I’d already climbed Mount Damavand three times, but never in the winter. I was afraid that the café would be closed and there wouldn’t be any climbers.

I saw a distant light and felt hopeful. At least Safar’s was open. My father was quiet. He couldn’t see the point of climbing a mountain for the fun of it.

There had to be a goal. You climbed a mountain to get to another place or to meet someone. Or you went up one side of the mountain and came down the other because a woman was waiting for you. He wanted to know why we were making the climb in all this snow.

I told him that we were going to try and reach the top. “But it’s a difficult mountain. Have you ever climbed with ropes?”

“A couple of times,” my father said. “You’re the one who taught me how.”

He was right. I’d forgotten. Once, when I was a student, I’d tried to scale a difficult wall on Saffron Mountain with him.

I heard the buzz of voices before I even opened the door to the café. To my surprise, Safar’s was as crowded as it usually was in the spring. That was a relief. “Come on in,” I gestured to my father. “Sit down.” But there were no empty chairs.

Where had all these people come from? Why were they making the climb in the middle of winter? Surely they
couldn’t all be members of the party, hoping to escape reality for a few days?

It was so pleasant that you forgot the war and the imams. It was as if you’d closed your eyes for a moment and when you opened them again, you found yourself in another country, or on another planet.

The café smelled of fresh tea, fresh bread and dates.

People usually climbed the mountain in groups; nobody climbed alone. If you were by yourself, you went to Safar’s and asked to join a group, which accepted you unhesitatingly.

I put down my backpack and introduced myself. I let it be known that I wanted to make the climb with my father and that we would prefer to join a group of experienced climbers, because he was a deaf-mute.

My father was surprised to find such a warm and friendly café in the middle of the snow. He felt happy and comfortable. Everyone went over to him, shook his hand and wished him luck with the climb. He thought all those young men and women were friends of mine.

One group promptly found two chairs for us. My father sat down and I went off to get our breakfast: omelette, dates, real butter, fresh bread, tea and sugar. Just what climbers need.

   

It was still dark when the groups left the café, one by one. The groups made sure to stay fairly close together, since they knew they’d need each other’s help in the cold.

We climbed up to 3,000 feet, where, following an old tradition, we waited for the sun to rise. My father stood next to me. He didn’t understand why everyone was staring at the sky.

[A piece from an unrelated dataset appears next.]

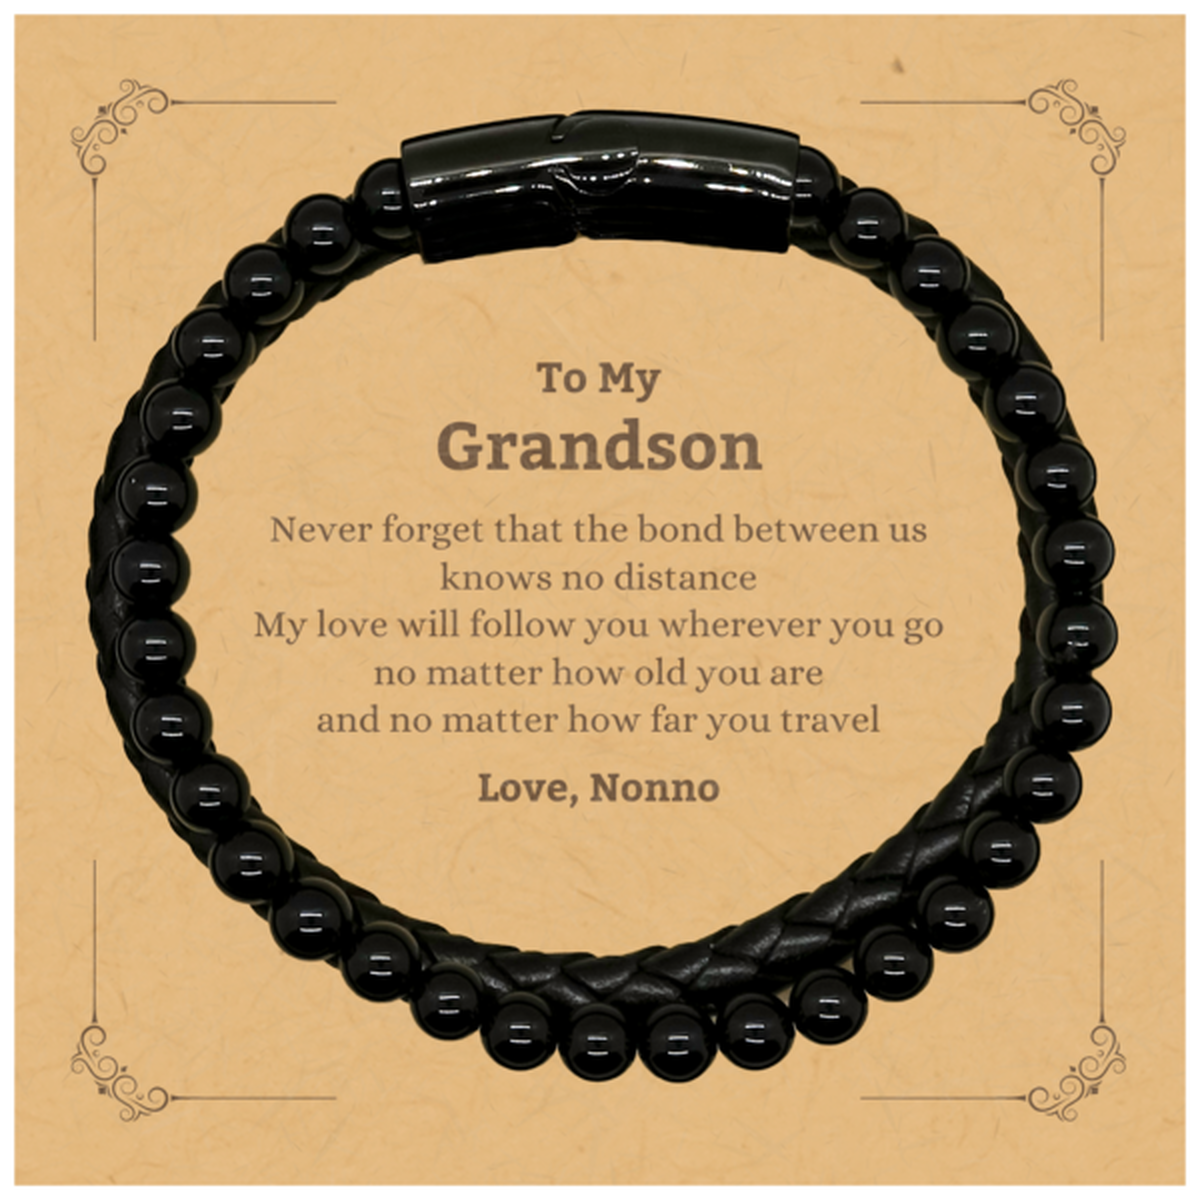 Grandson Birthday Gifts from Nonno, Adjustable Stone Leather Bracelets for Grandson Christmas Graduation Unique Gifts Grandson Never forget that the bond between us knows no distance. Love, Nonno
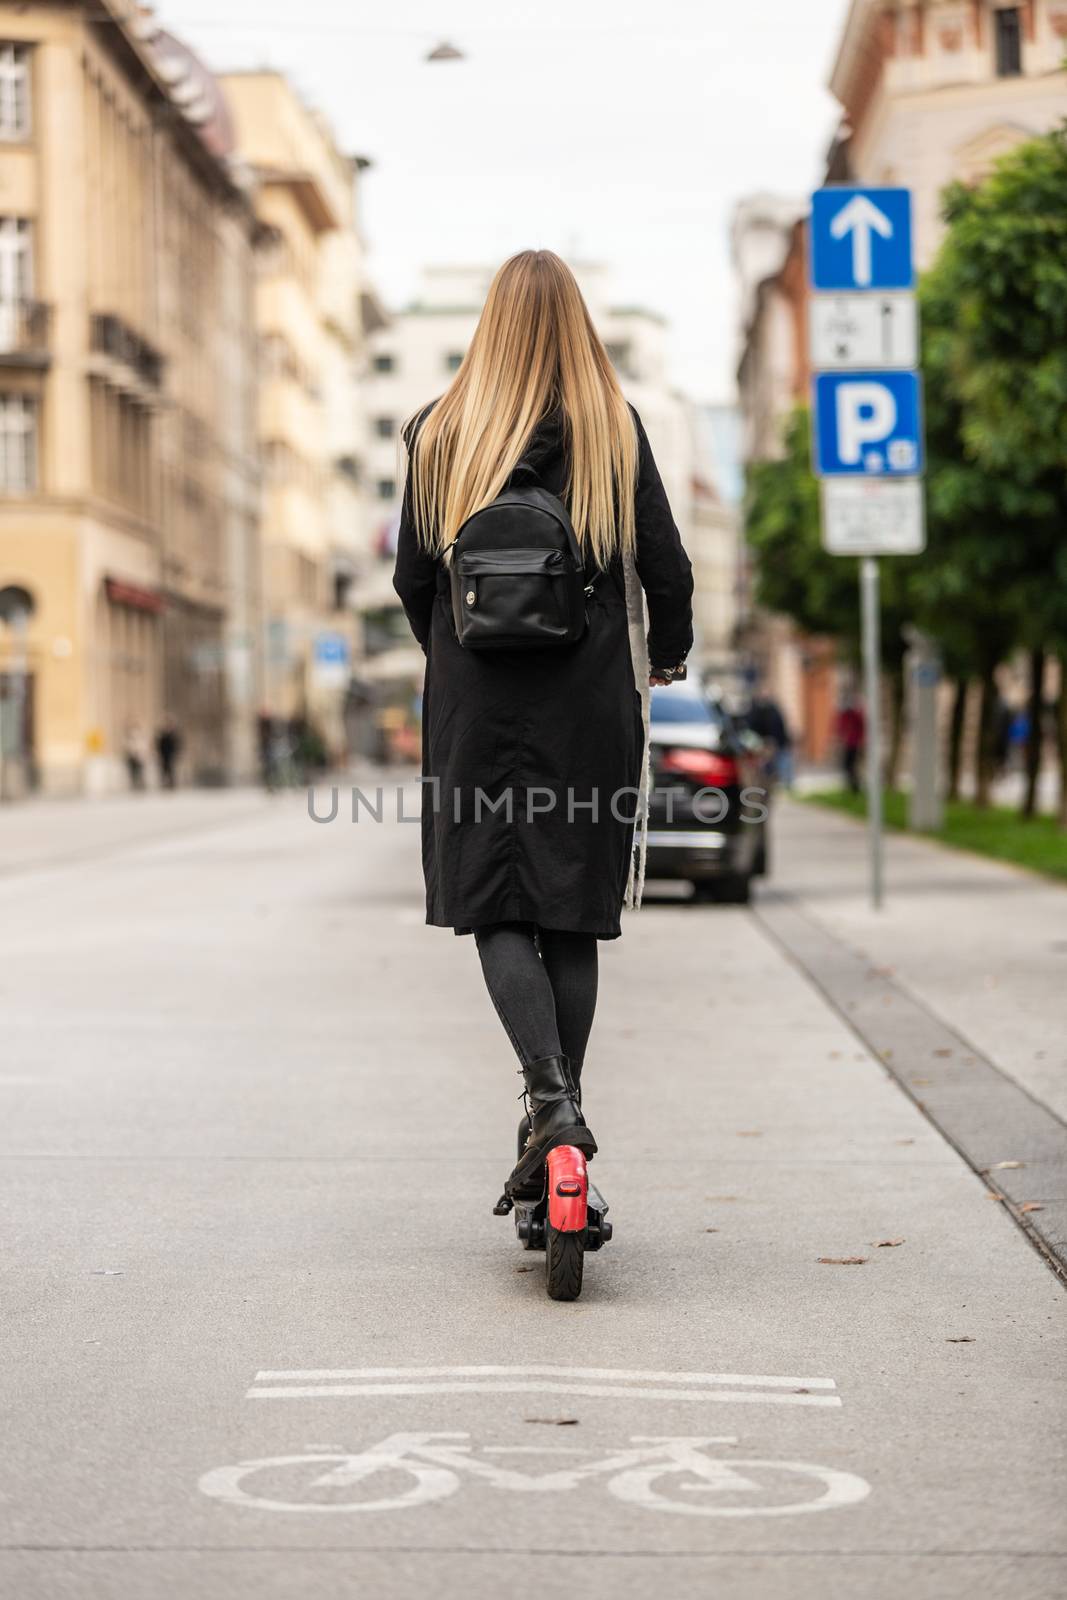 Rear view of girl riding public rental electric scooter in urban city environment. New eco-friendly modern public city transport in Ljubljana by kasto

Suddenly, the sun’s first golden arrow pierced the darkness. Silence. Then there was a second arrow, and a third, and all at once a whole shaft of light. Finally, the sun burst into flames behind the top of Mount Damavand like a golden crown. My astonished father looked at me, then at the sun
and finally at the mountain, looming over us like a solid mass of snow.

As soon as Mount Damavand had revealed itself to us in all its archaic beauty, we burst into a well-known song:

Damavand! Your Majesty! O ancient pride of Persia,

Lend us your strength. Make us as strong as you.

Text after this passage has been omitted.